VOLUME XVI. Early National Literature, Part II; Later National Literature, Part I.

III. Poets of the Civil War II

§ 11. Songs of the Soldiers

He read the poem the next morning to his students, and at their suggestion sent it to the New Orleans Delta, from which it was copied in nearly every Southern journal. The finding of an appropriate melody for the words was the achievement of the Cary sisters of Baltimore. A glee club, which was in the habit of singing at their home, sang the words to the tune Lauriger Horatius, well known as a college tune that had come from a modification of the German Tannenbaum, O Tannenbaum. A few weeks later, shortly after the battle of Manassas, the two sisters and their brother went through the Southern lines. One night while visiting the headquarters of General Beauregard they were serenaded by a regiment of soldiers from New Orleans, who in turn asked for a song. One of the sisters sang My Maryland; the refrain was speedily caught up and tossed back from hundreds of rebel throats, who shouted, “We will break her chains; she shall be free!” Soon the words which had been read far and wide were being sung in every part of the South—had become indeed a great national song, the Marseillaise of the Confederacy.

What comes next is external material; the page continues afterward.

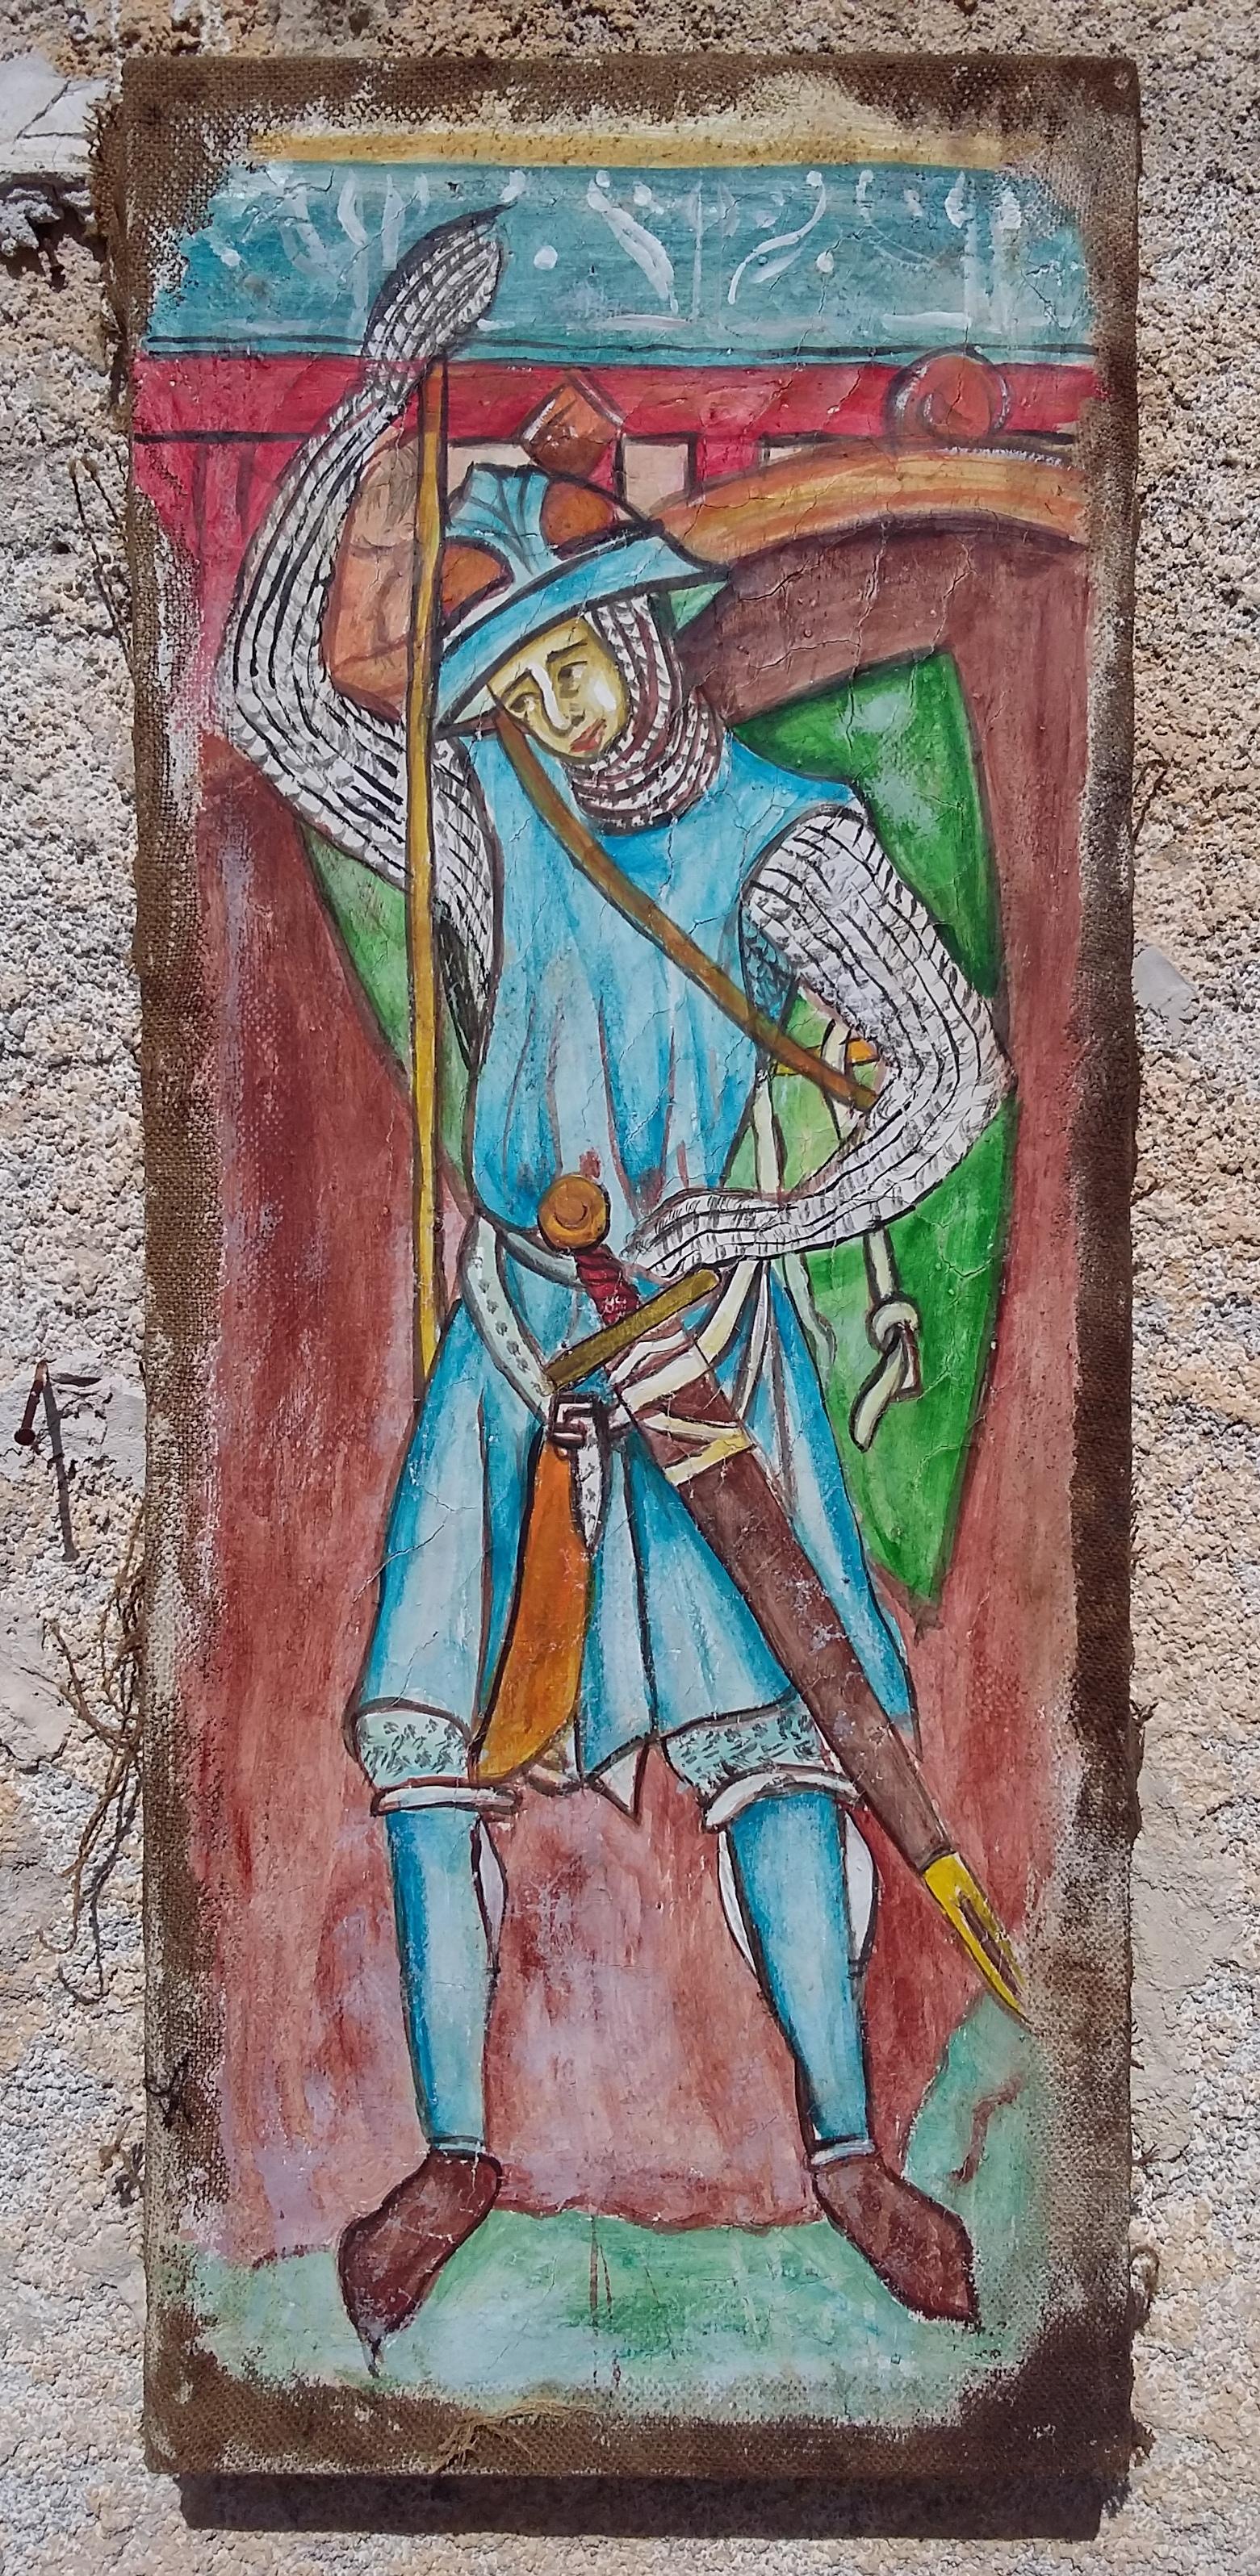 Fante Medievale

The words—too familiar to be quoted—suggest every aspect of the great struggle from the Southern standpoint. They summarize in passionate, concentrated lines the points of view that are scattered here and there throughout all the anthologies of Southern poetry. The feeling of an exiled son at the invasion of his home, the crushing of liberty under the despot’s heel, the peerless chivalry of Maryland’s former heroes of history and tradition, his love for the state as a mother, the appeal for a sister state’s aid to Virginia, and, on the other hand, the fierce indignation at the “vandal,” the “despot,” the “Northern scum”—all these are suggestive of the passion of a people giving themselves entirely to the great struggle.